Variable	Default	Description
`GW_RAG_DIR`	`runs/rag_store`	Directory where the LanceDB embedding store is saved. Must be writable.
`GW_RAG_DEVICE`	`cuda:0`	Device for the embedding model. Use `cpu` on machines where the GPU is fully occupied by the LLM.
`GW_RAG_EMBED_MODEL`	`BAAI/bge-m3`	Hugging Face model ID for the text embedding model. BGE-M3 is multilingual and recommended.
`GW_RAG_RERANK`	`1`	Set to `0` to disable the reranker globally.

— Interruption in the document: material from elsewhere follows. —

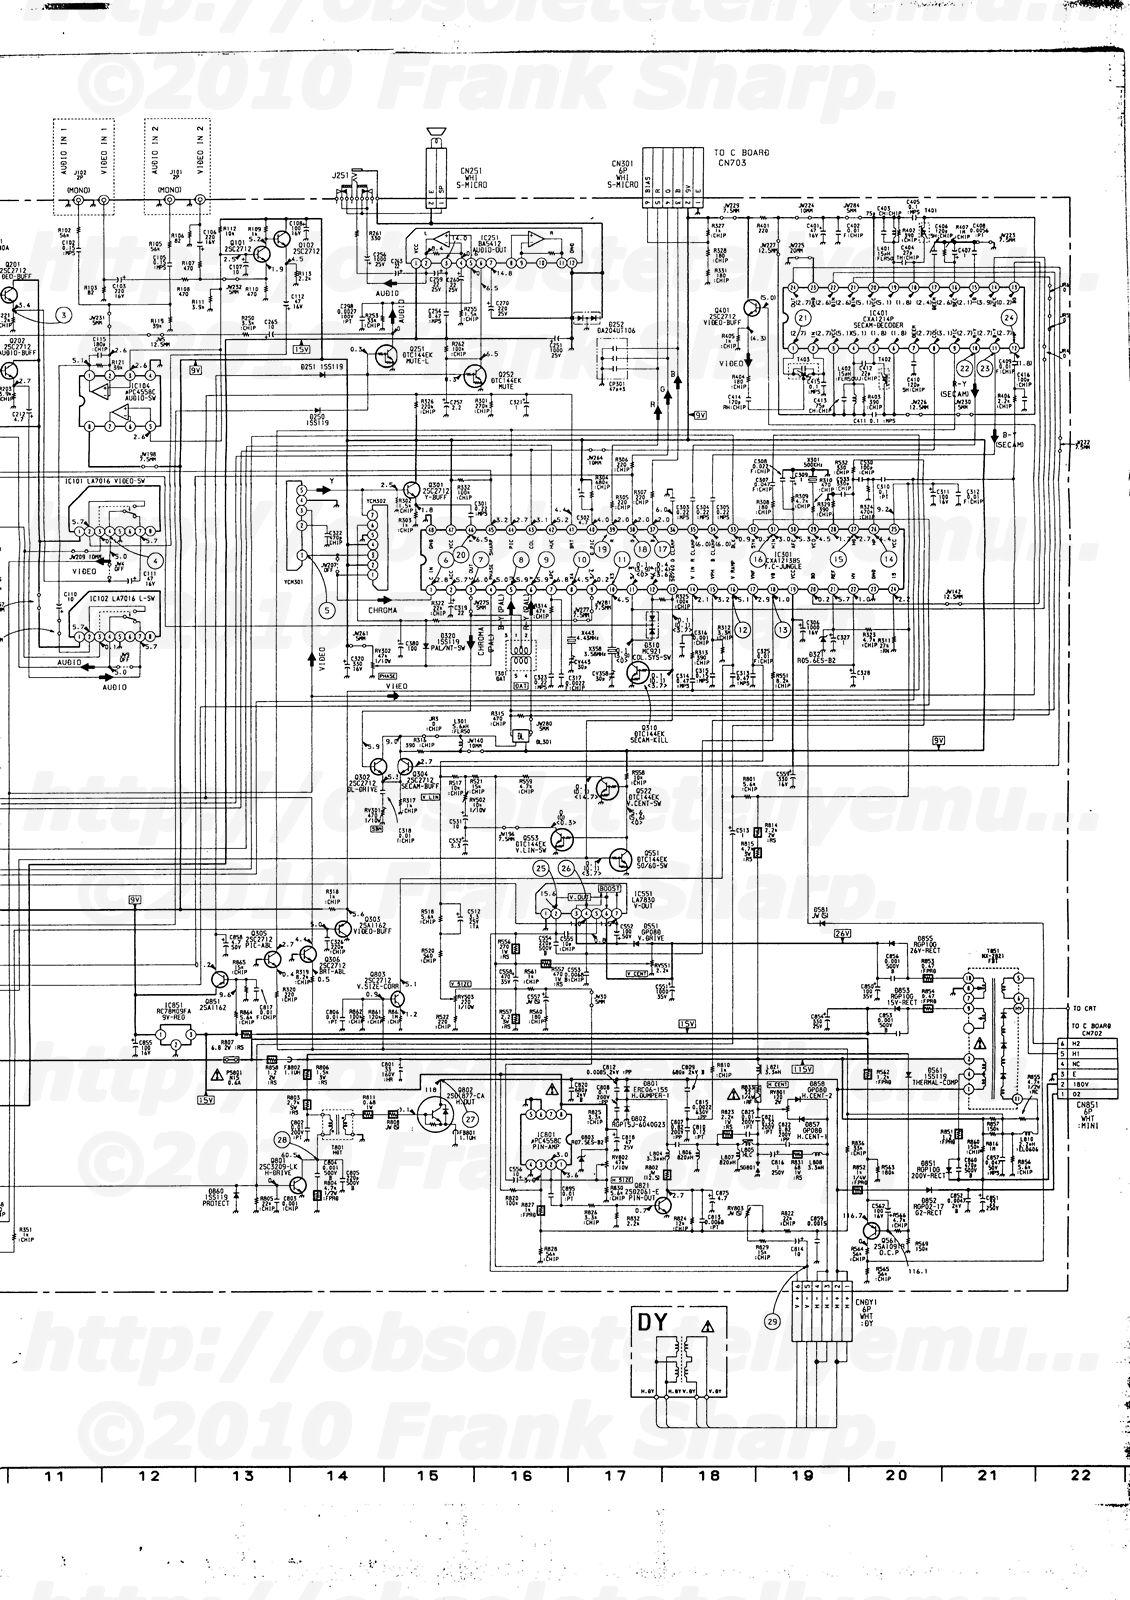 Charmant Sony Stereo Kabelbaum Diagramm Ideen - Schaltplan Serie ...

`GW_RAG_RERANK_MODEL`	`BAAI/bge-reranker-v2-m3`	Hugging Face model ID for the cross-encoder reranker.
`GW_RAG_TOPK`	`5`	Default number of chunks to retrieve (overridable per-request).
`GW_RAG_OVERFETCH`	`20`	Number of candidates retrieved by the dense retriever before reranking. Higher = more recall at the cost of reranker speed.
`GW_RAG_CTX_MAXCHARS`	`6000`	Maximum characters of retrieved context injected into the prompt. Long contexts are truncated.
`GW_RAG_MAX_CLAIMS`	`12`	Maximum number of claims extracted from the answer for claim-level verification.

GPU allocation

If your GPU is fully occupied by the LLM, set GW_RAG_DEVICE=cpu. BGE-M3 on CPU is slower for large uploads (~10–30 seconds per document) but runs fine. After the initial indexing, retrieval from CPU is typically fast enough for real-time use.